President Trump will present his first Medal of Honor as commander-in-chief Monday – to a 71-year-old Vietnam vet who was injured while saving his comrades as an Army medic.
James McCloughan entered the “kill zone” during the Battle of Hui Yon Hill in 1969 to rescue his fellow soldiers and was struck by shrapnel from a rocket-propelled grenade.
In its announcement last month, the White House said McCloughan “voluntarily risked his life on nine separate occasions to rescue wounded and disoriented comrades.
He suffered wounds from shrapnel and small arms fire on three separate occasions, but refused medical evacuation to stay with his unit, and continued to brave enemy fire to rescue, treat, and defend wounded Americans.”
Now 71 and living in South Haven, Michigan, McCloughan last month said the battle was “the worst two days of my life.”
“I was tending to two guys and dragging them at the same time into a trench line,” he told The Associated Press.
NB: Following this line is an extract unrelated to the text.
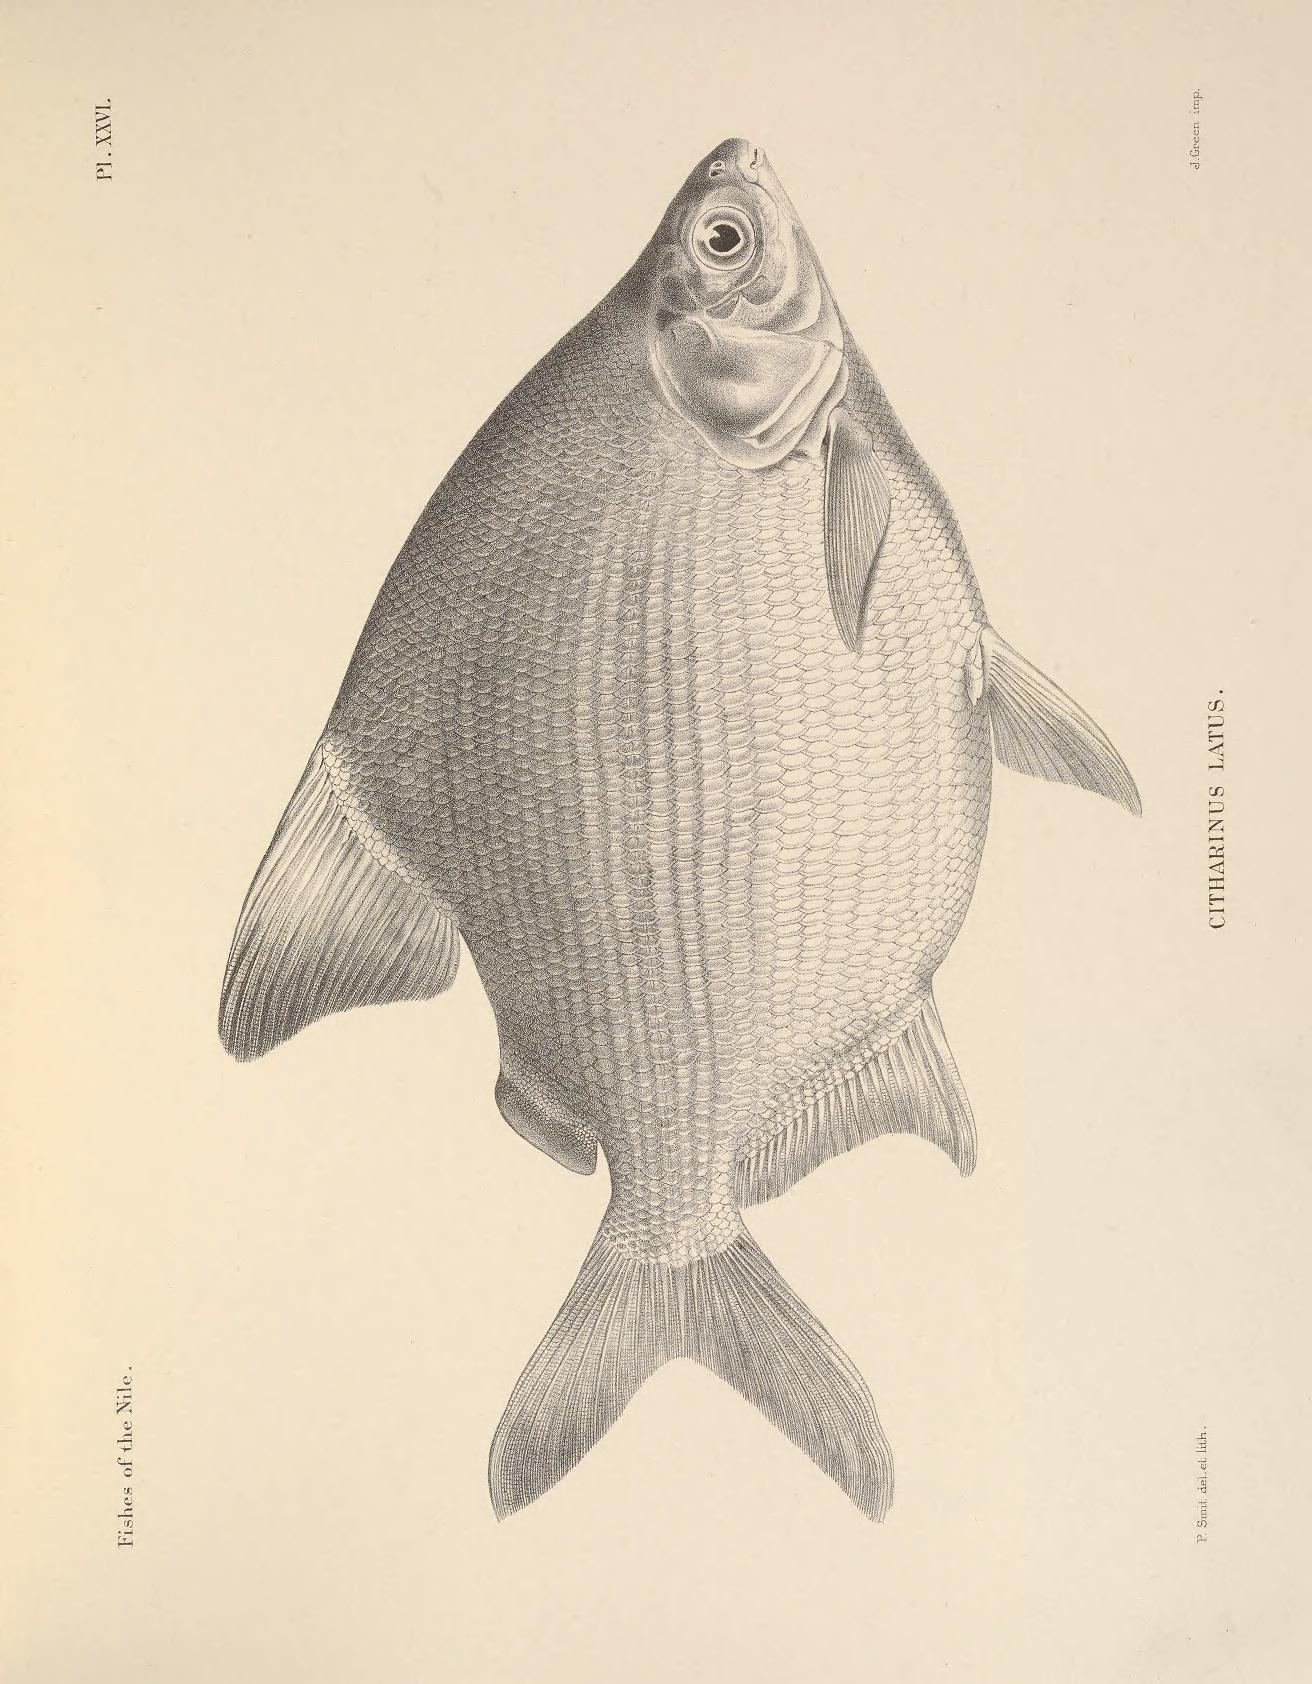 Image of Moon fish
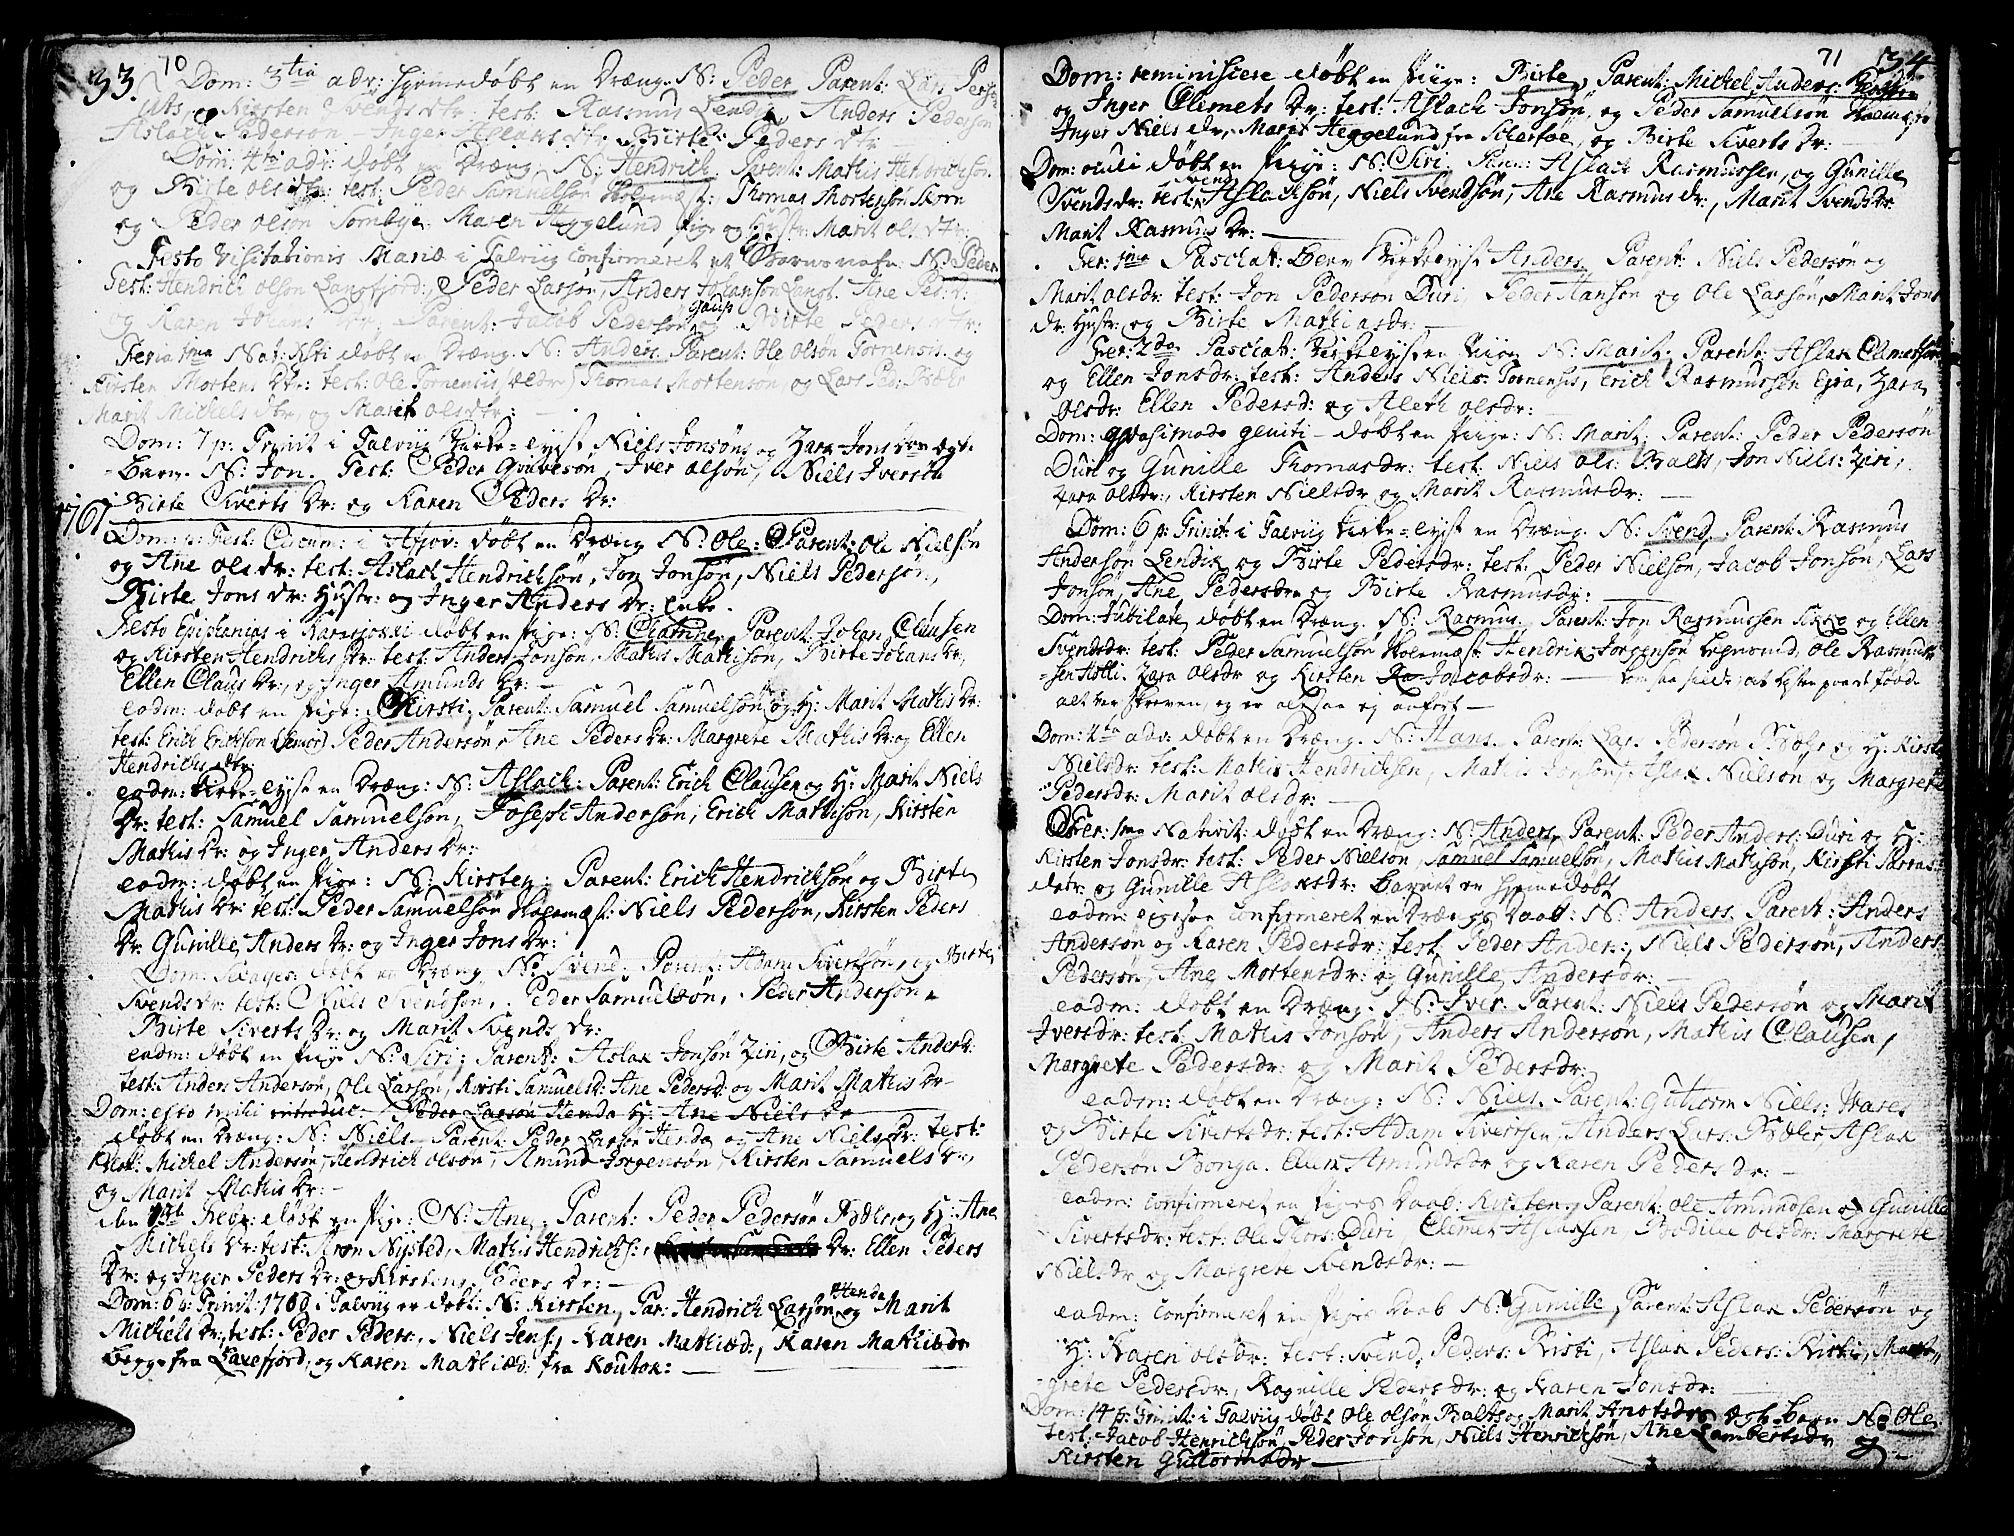 SATØ, Kautokeino sokneprestembete, H/Ha/L0001.kirke: Ministerialbok nr. 1, 1723-1776, s. 70-71

The former combat medic said his bloody wound looked was so bad that a captain suggested that he leave the battlefield and seek treatment.
“He knew me enough to know that I wasn’t going,” he said.
McCloughlan stuck it out until the battle ended, coming to the aid of his men and fighting the enemy — even knocking out an enemy RPG position with a grenade at one point.
The Pentagon has credited McCloughan with saving the lives of 10 members of his company.
McCloughan was a four-sport varsity athlete at Bangor High School in Michigan before attending Olivet College, where he earned a degree in sociology and a teaching certificate in 1968.
He accepted a teaching and coaching position with South Haven public schools but was drafted three months later, according to the US Army.
After completing boot camp and advanced training, McCloughan was shipped off to Vietnam, where he was assigned to Company C, 3rd Battalion, 21st Infantry Regiment, 196th Light Infantry Brigade.
McCloughan left the Army in March 1970 and returned to school, earning a master’s degree in counseling and psychology from Western Michigan University two years later.
He taught psychology and sociology, and coached football, baseball and wrestling at South Haven High School until his retirement in 2008.
In 2016, Defense Secretary Ash Carter recommended him for the Medal of Honor, but since the medal must be awarded within five years of the recipient’s actions, Congress needed to pass a bill waiving the time limit.
President Obama signed the measure in late 2016, but he didn’t get the opportunity to recognize McCloughan with the medal before his term ended this year.
“President Donald Trump will be putting that on me for the first time in his experience of doing such a thing,” McCloughan said. “That’s pretty special.”
The Medal of Honor is given to service members who distinguish themselves by going above and beyond the call of duty in battle.
The ceremony at the White House will begin at 3 p.m. Monday.